This price model comes down to increased distribution costs
Drugmaker Pfizer said Friday that as government contracts come to an end, possibly by early next year, its COVID-19 vaccine will be sold for $110 to $130 per dose.
This price model comes down to increased distribution costs as well as an expected shift from multidose vials to single-dose ones.
This is the "commercial list price," but the company says it does not anticipate that most people will have to pay out of pocket. It also pointed to its patient assistance program, which helps people without insurance get vaccines.
For now, COVID-19 vaccines are still available for free. Pfizer says it anticipates that the COVID-19 vaccine pricing could come into play when the distribution and reimbursement of vaccines transition from government contracts to the traditional health-care system, as early as the first quarter of 2023.

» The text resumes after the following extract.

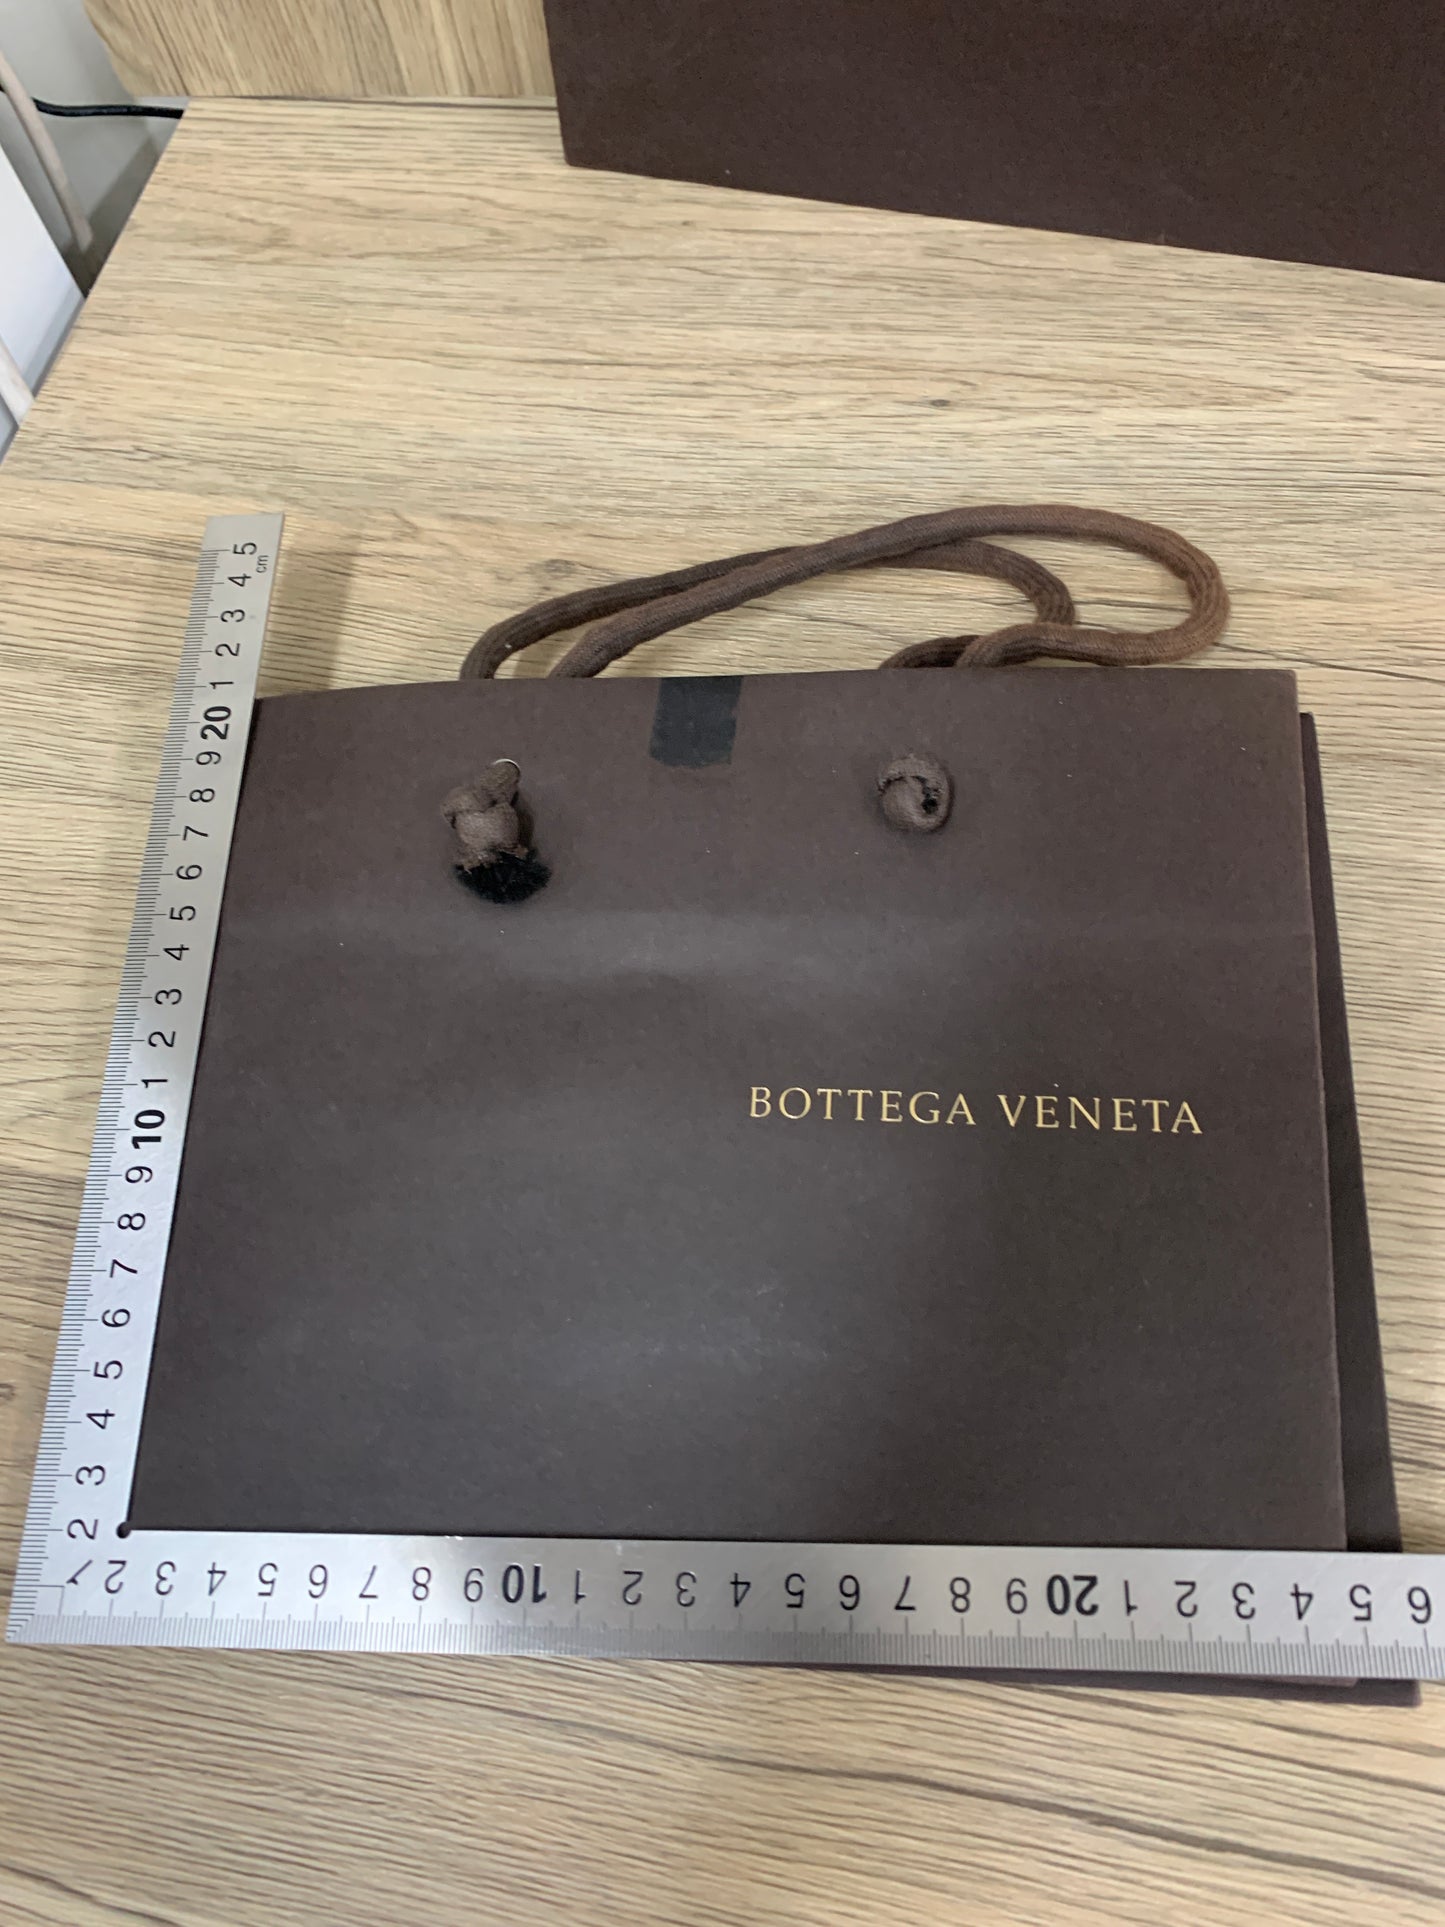 正品 Bottega veneta bv 紙袋 x 3 套裝棕色禮品錢包化妝品手提包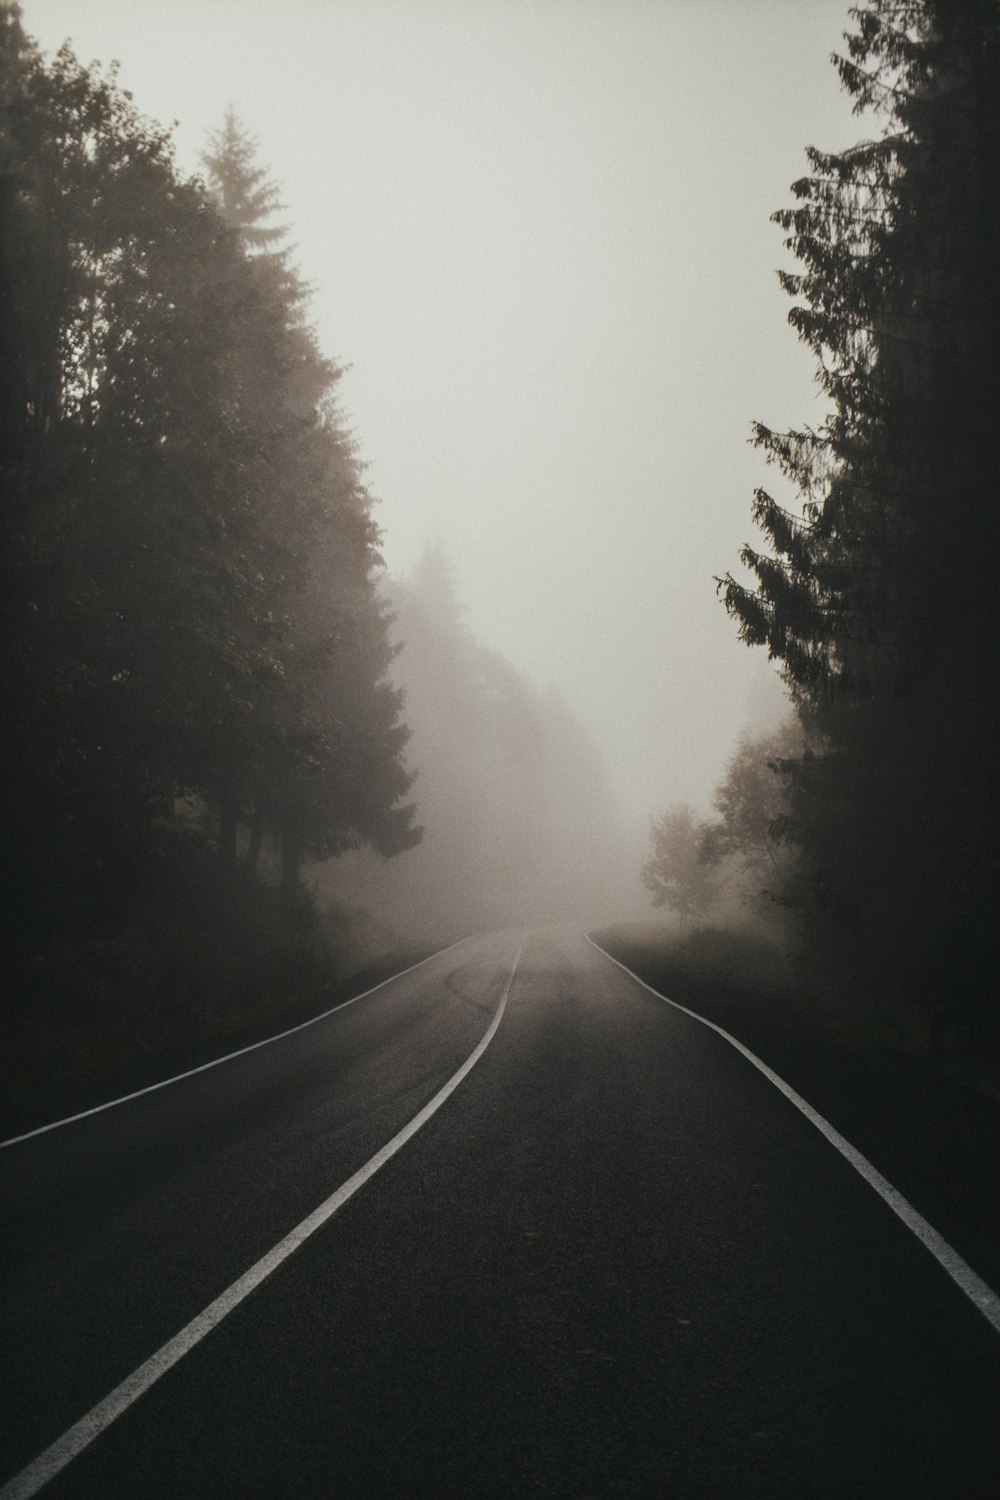 route goudronnée noire entre des arbres verts couverts de brouillard pendant la journée

An analysis published by the Kaiser Family Foundation this week said that without additional funding or protections, the commercialization of COVID-19 preventative and countermeasures would create access barriers for vaccines, tests and therapeutics -- especially for the uninsured and underinsured.
Two key changes will lead to commercialization: the end of the US government's public health emergency declaration and the depletion of federally purchased supply. Each change creates its own challenges and, taken together, "may amplify access challenges," the analysis says.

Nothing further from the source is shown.